Serres had a lot to say about the ways we move and connect with tools, and the blurred boundaries which result from
something as simple as picking up a hammer and using it. The hand is no longer a hand when it has taken hold of the
hammer, it is the hammer itself, it is no longer a hammer, it flies transparent, between the hammer and the nail, it
disappears and dissolves, he writes (Serres in Connor 2005: 321). Perhaps ironically given the aspirations of the
cyberpunk era, it has been the profoundly unsatisfying experience of connecting with a computer which has led us back
to simpler, more physically present tools. While Gibson wrote feverishly about the end of the body, and an existence
involving the mind roaming untethered through the digital realm, the reality was far different. The computer remained a
glowing box, and we sat clumsily in front of it trying to make sense of how to work it. It is a scenario which always
concerned critics of cyberpunks dizzy embrace of technology. In 1997 Veronica Hollinger discusses some of the
anxieties provoked by the disembodied future glimpsed within many cyberpunk novels in a review of three theoretical
collections of sci-fi writing.
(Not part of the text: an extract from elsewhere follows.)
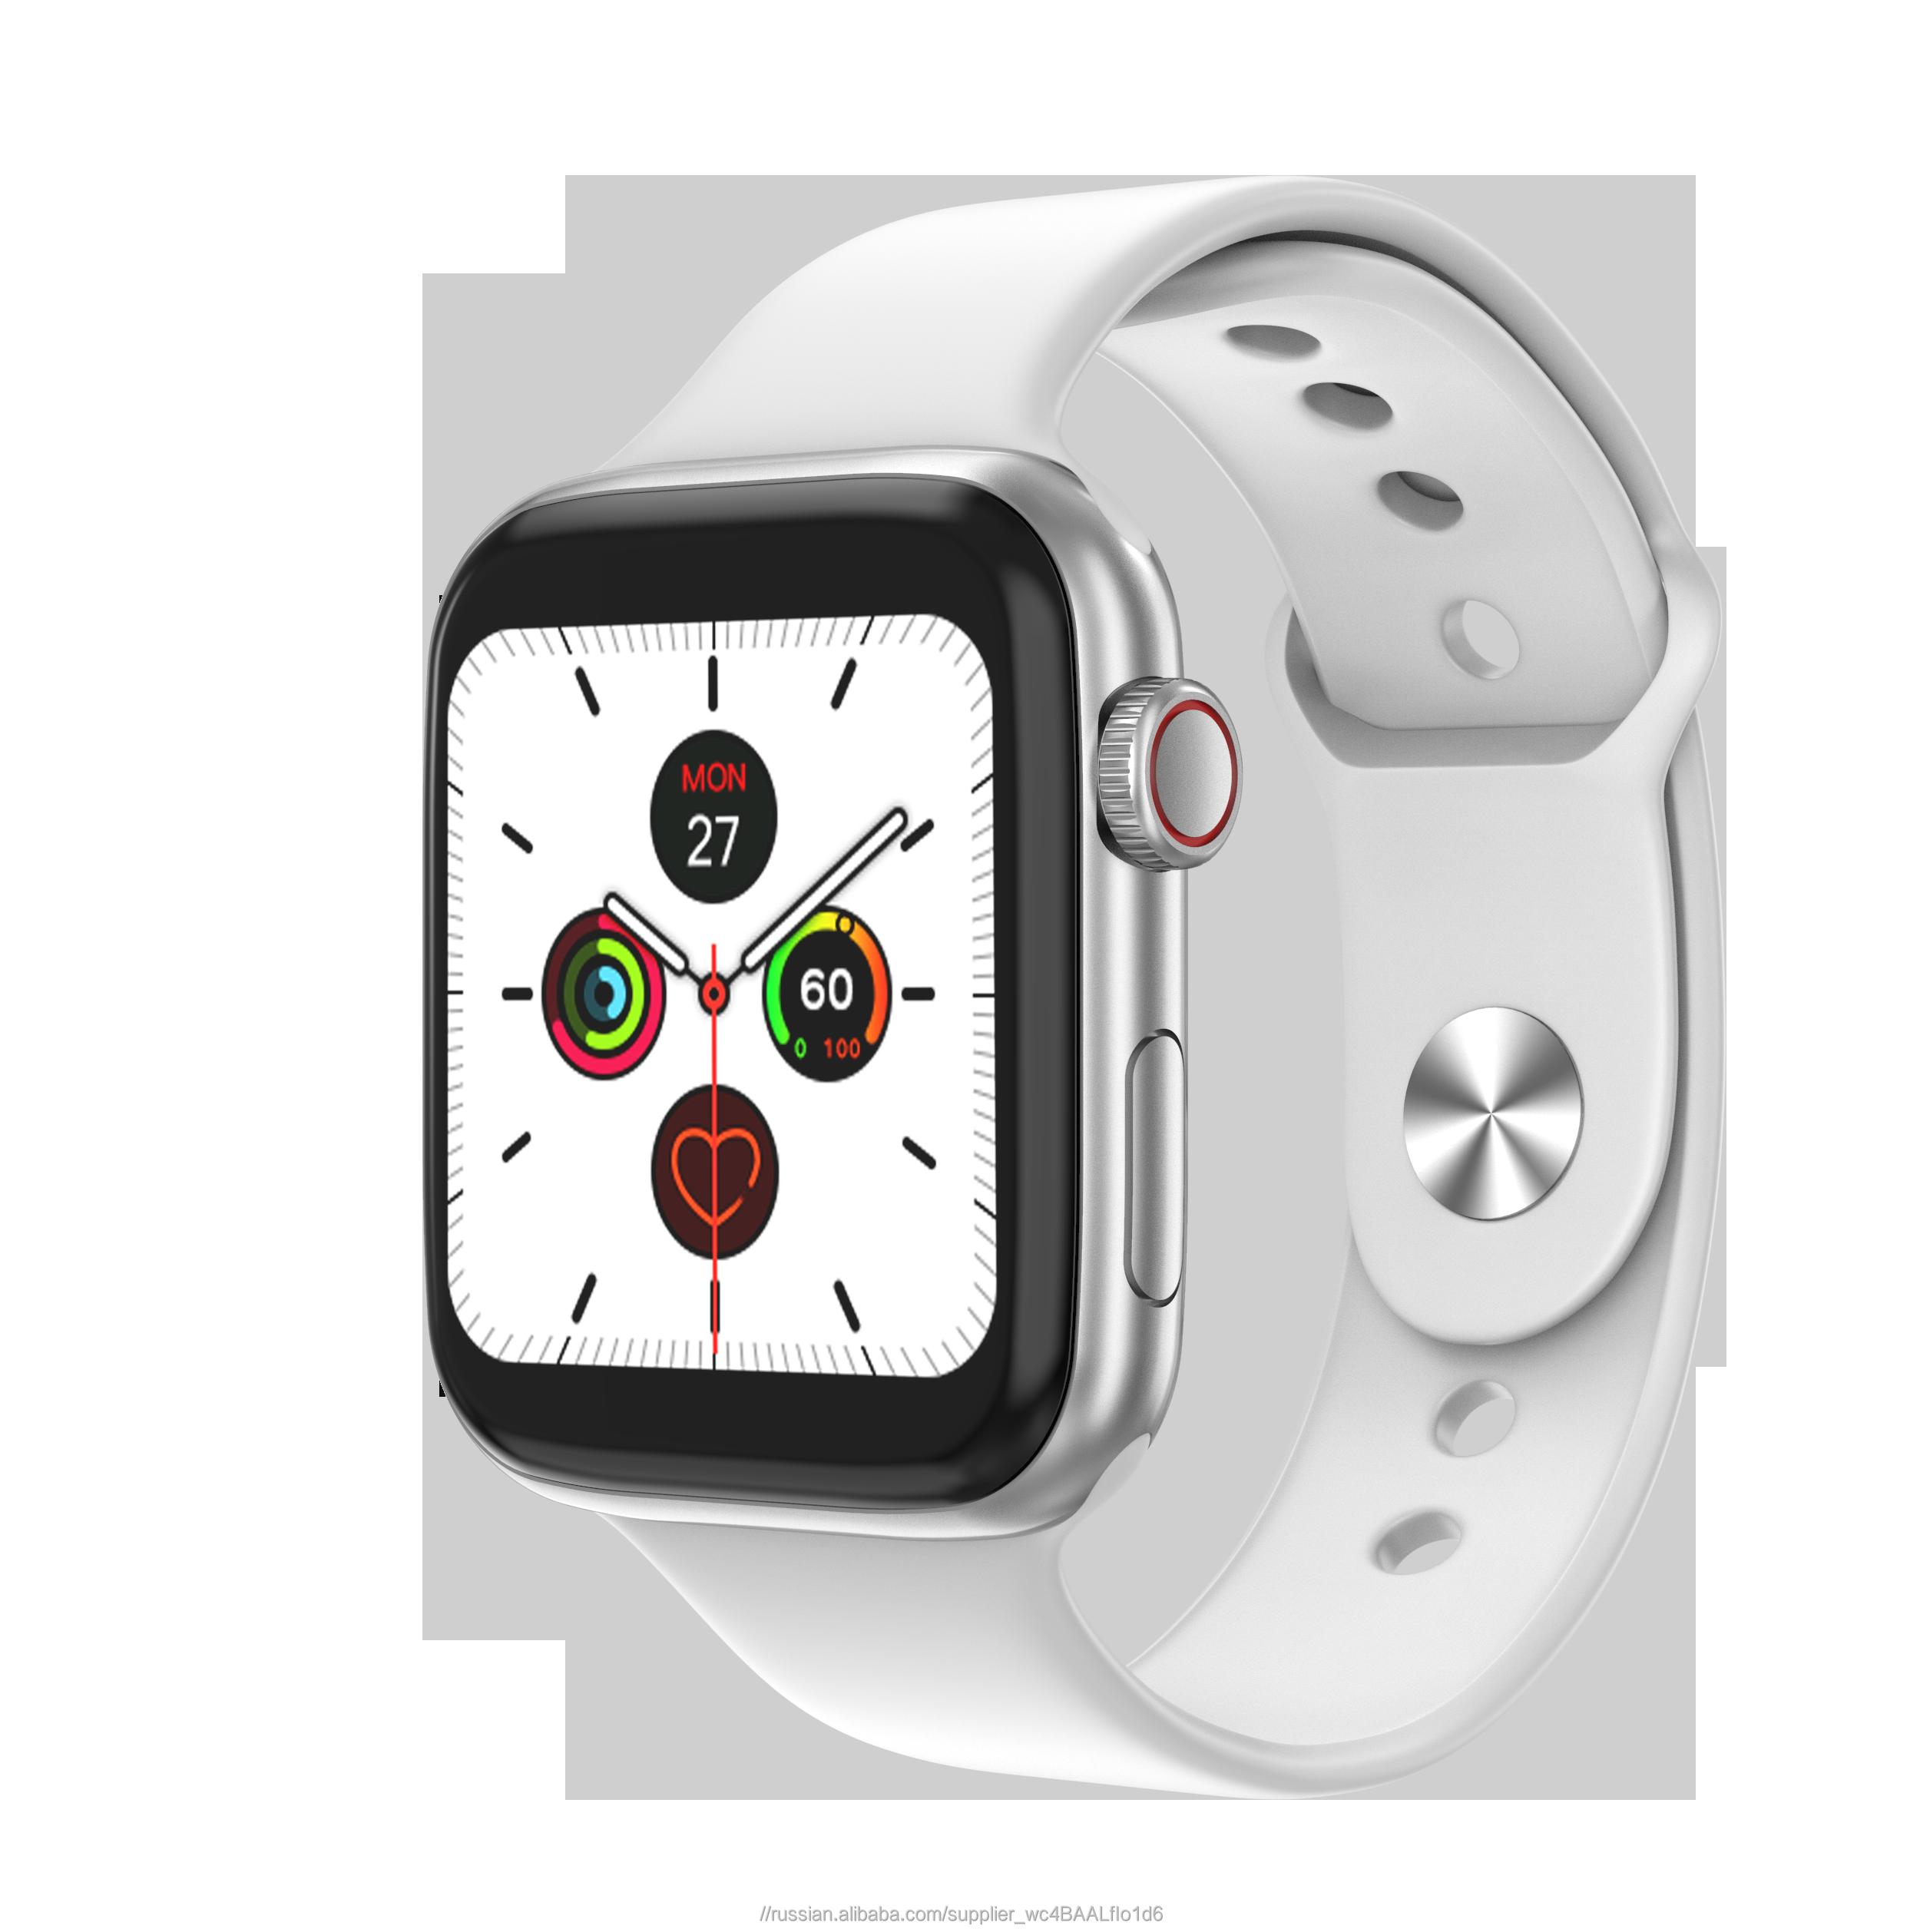 W20 Смарт-часы ЭКГ + PPG series 5 heart rate monitor отслеживание занятий спортом ip67 для Apple <span class=keywords><strong>Huawei</strong></span> Samsung IOS <span class=keywords><strong>Android</strong></span> w34 Смарт-часы

One of our ongoing anxieties arises from our sense of the loss of the real of authentic
experience - we dread being trapped in a reality which is only ever virtual, she writes (1997). Despite the dizzying
collection of tools at our fingertips, there is something quite sweet about the fact that many electronic musicians have
decided they do actually prefer the real. A real instrument, a real field recording, a live and lived experience of embodied
sound making.
Sound is nothing less than life itself, Serres asserts. We live in noises and shouts, in sound waves just as much as in
spaces,'' he writes. By navigating our way through the physicality of this sonic world we not only find ourselves but our
bodies forge a connection with all bodies which have come before us. Humanity in shoals swims through these waters,
he writes of sound (2008:141). The closed off space of the computer offers an impoverished stage for such a voyage of
self-discovery. Little wonder we have returned to the complexities, resonances, the physical strains and even failures that
only an embodied experience of making and listening to sound can offer.